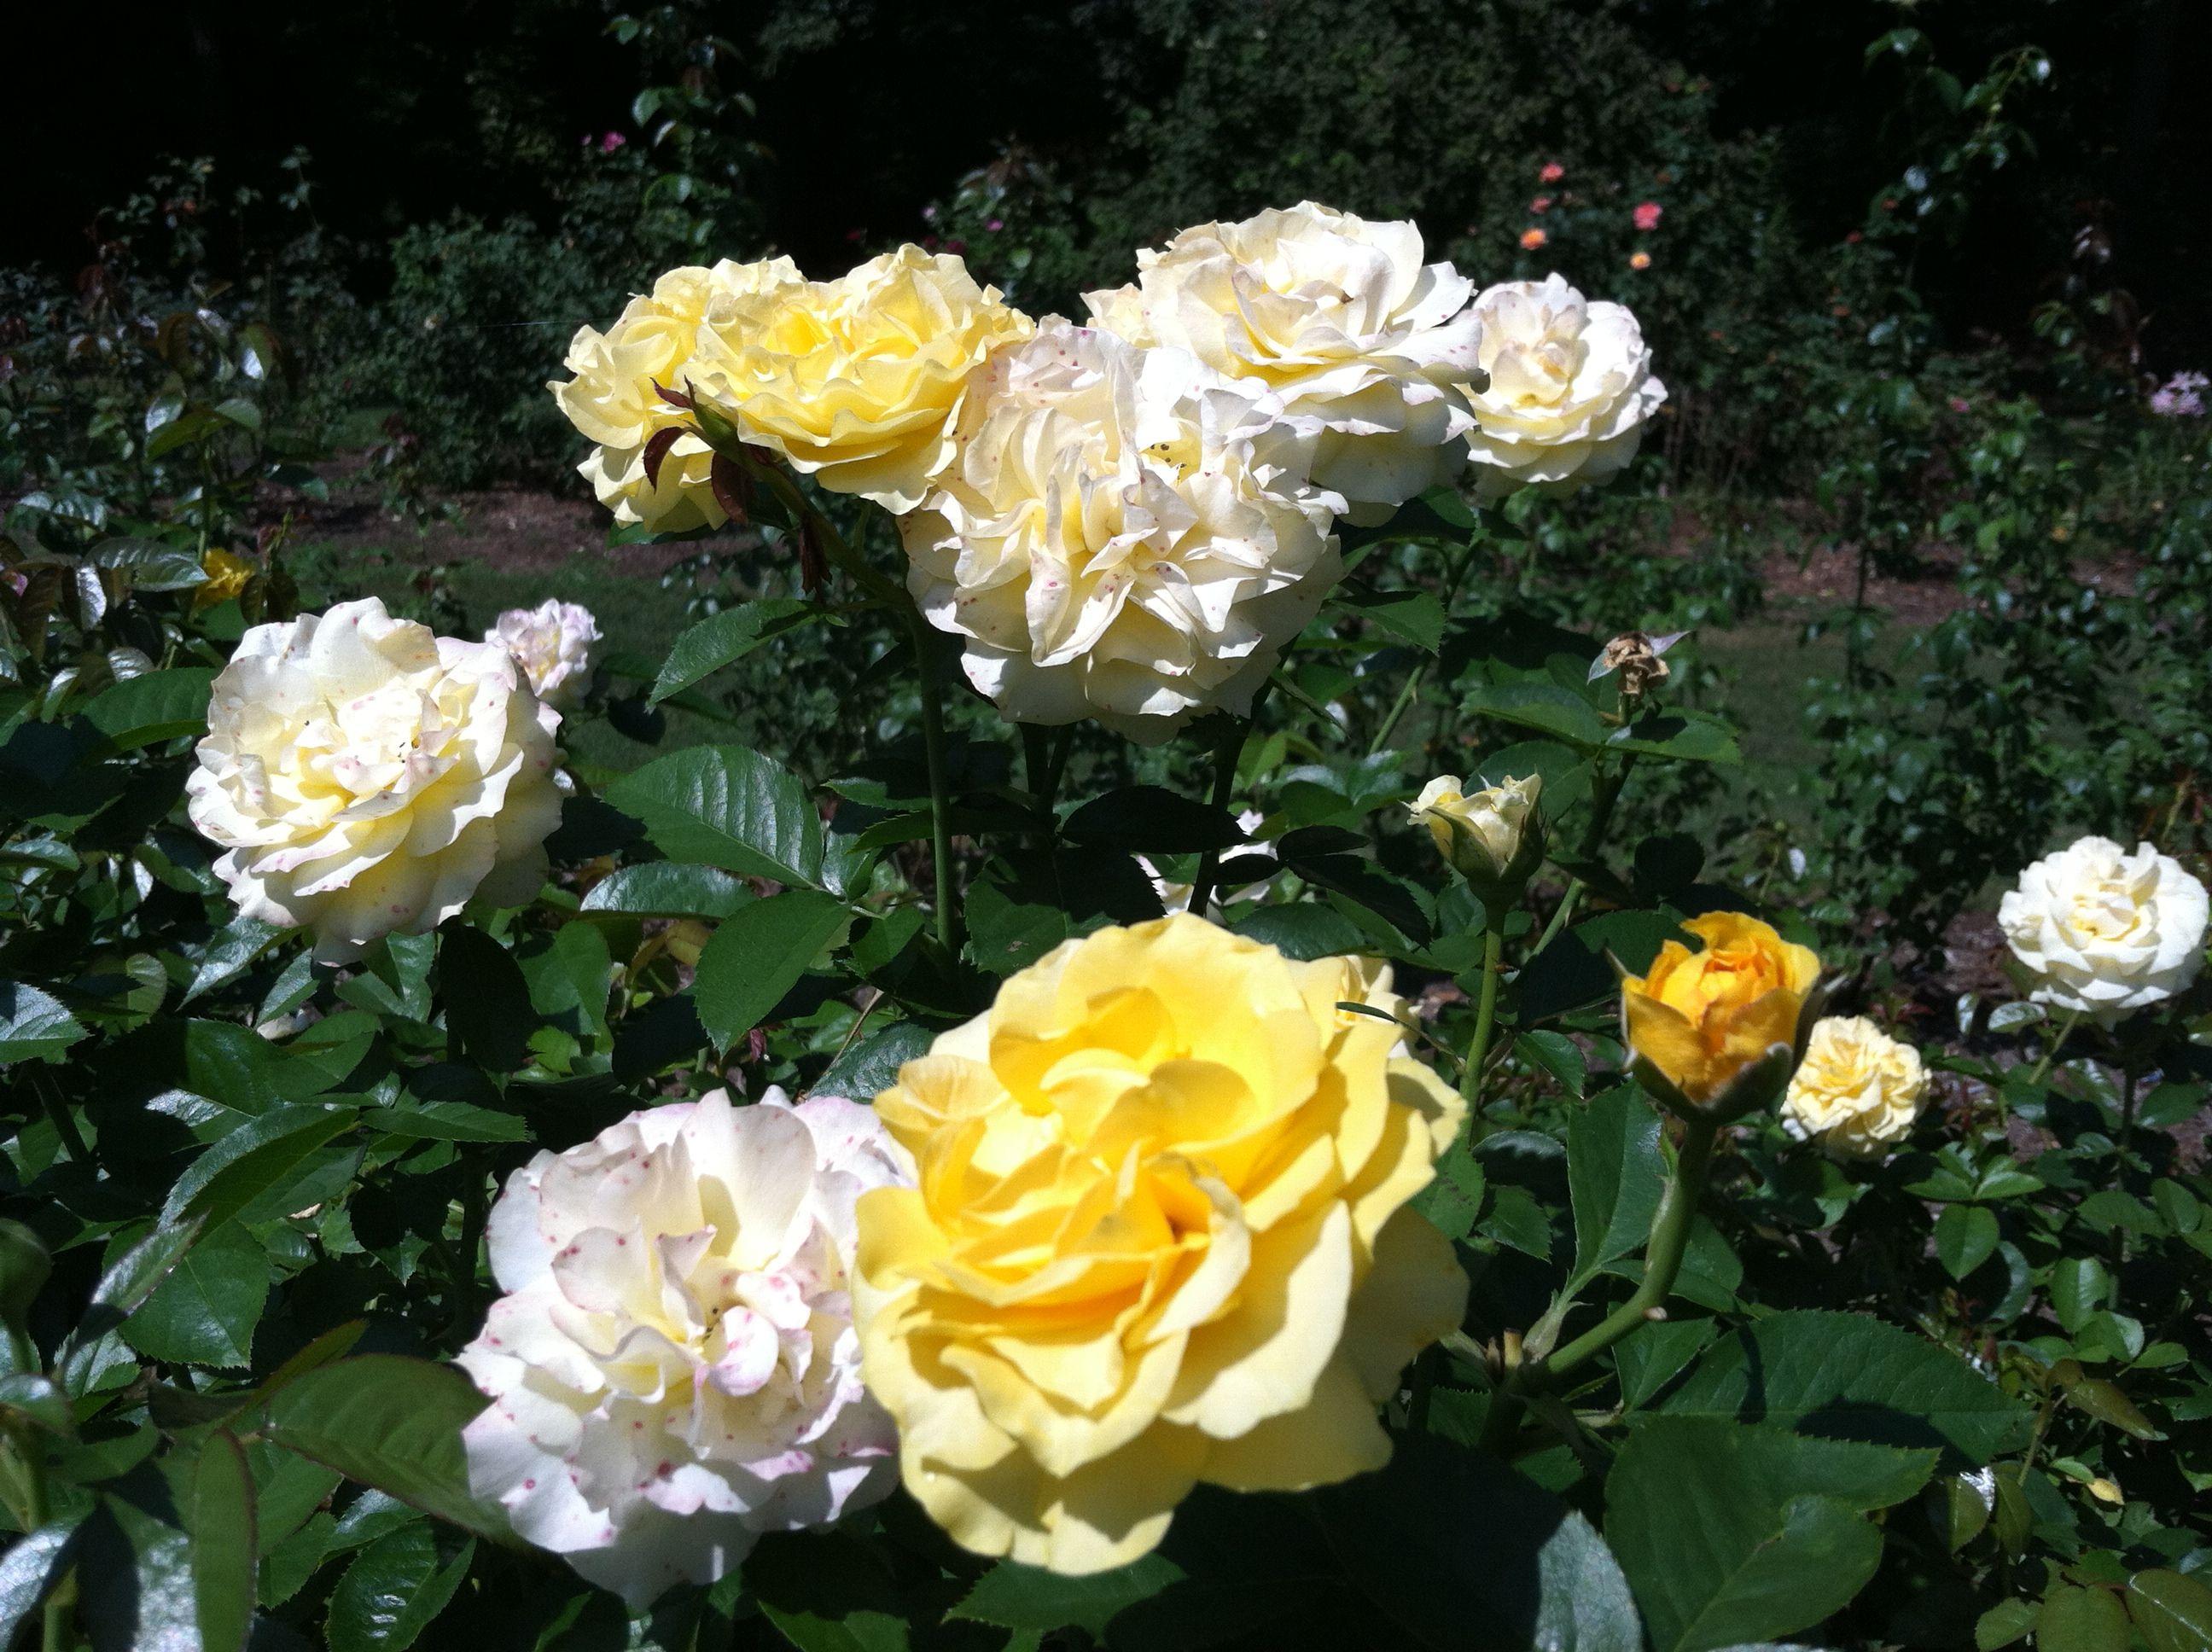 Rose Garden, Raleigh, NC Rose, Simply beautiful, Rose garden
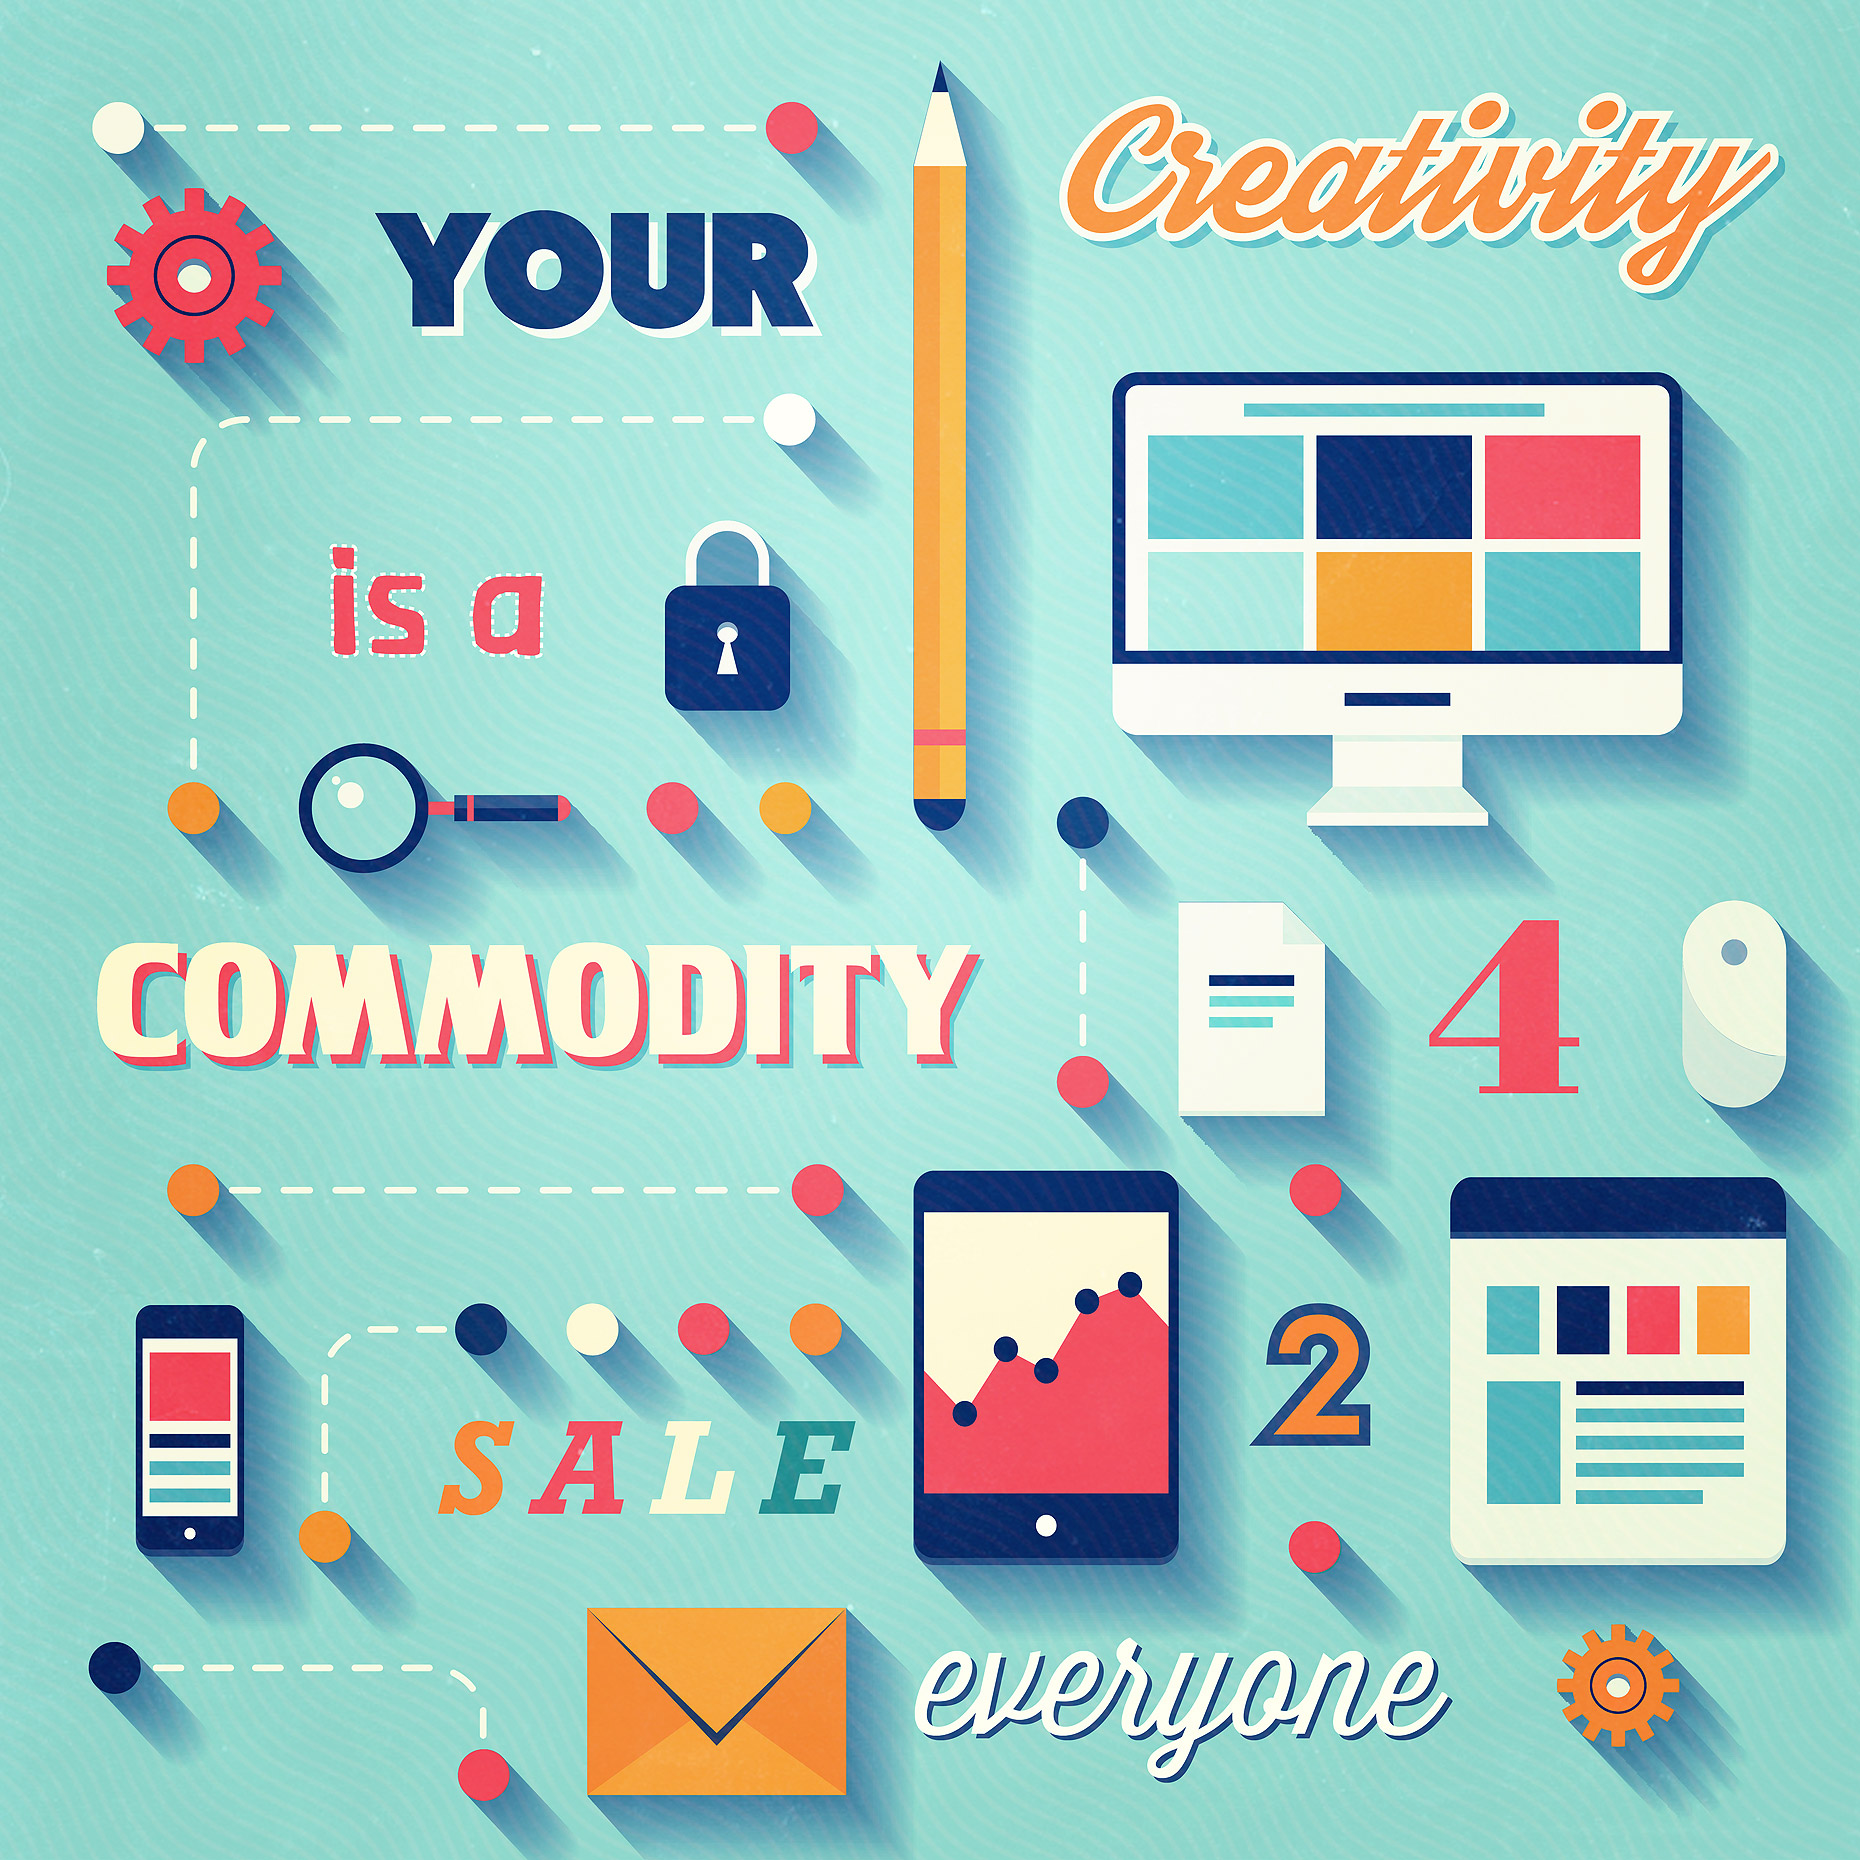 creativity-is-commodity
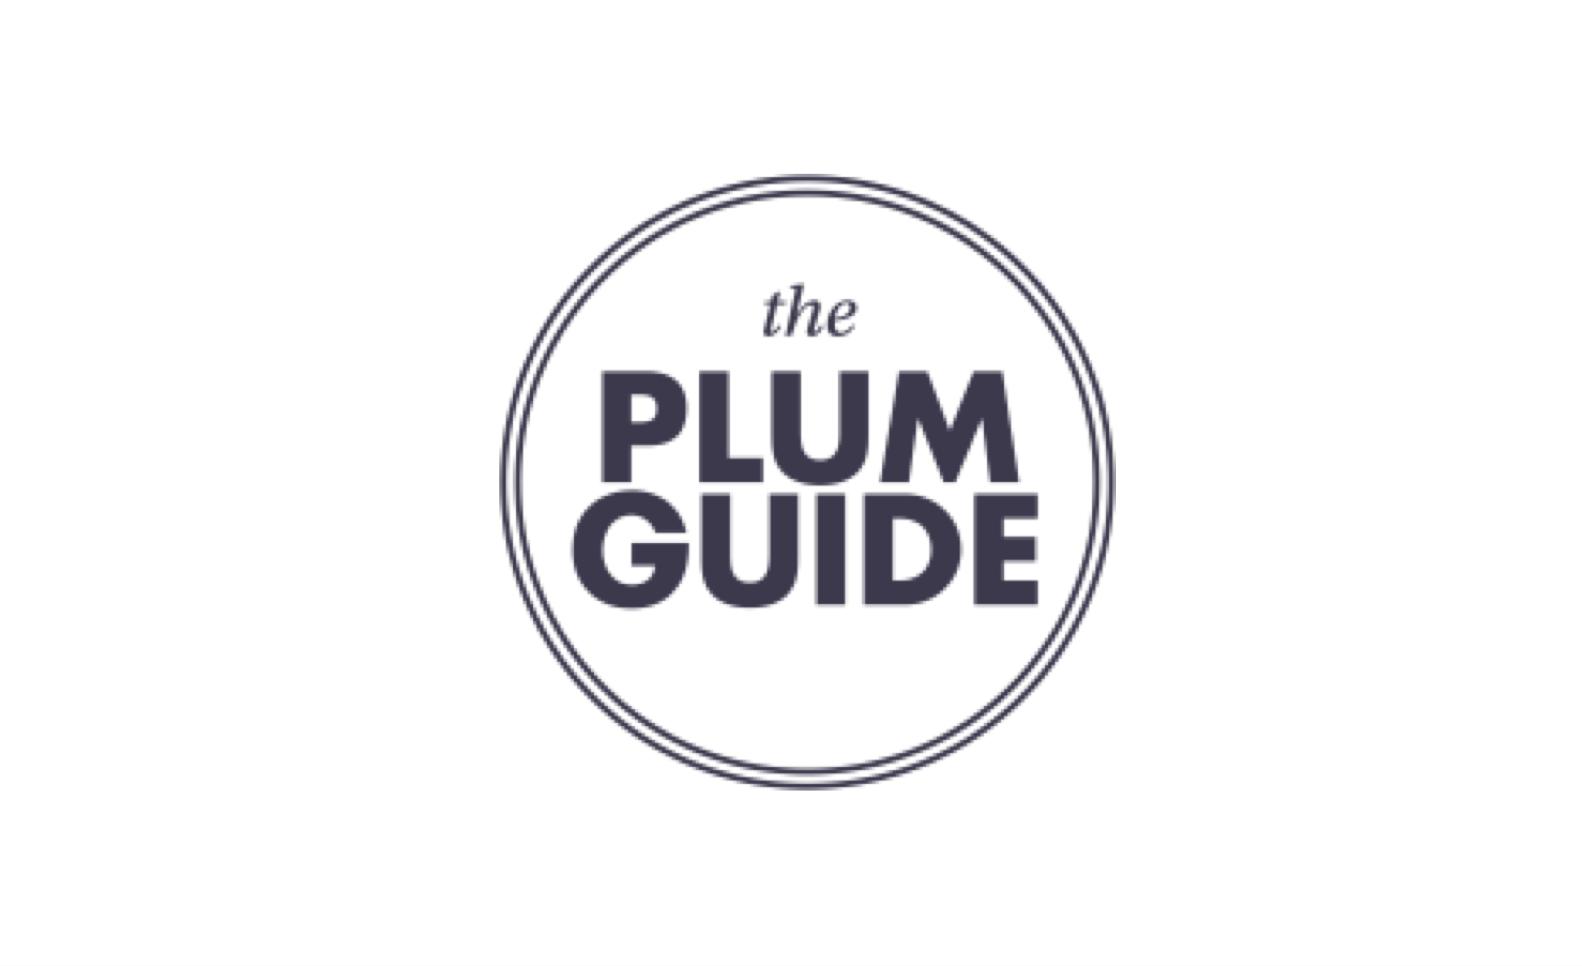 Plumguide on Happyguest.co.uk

......

§ **WORK REQUEST**
Print the listing above in full, exactly as written. Omit any pictures.

§ **EXERCISE SOLUTION**
 Rose Garden, Raleigh, NC Rose, Simply beautiful, Rose garden
 creativity-is-commodity
 Plumguide on Happyguest.co.uk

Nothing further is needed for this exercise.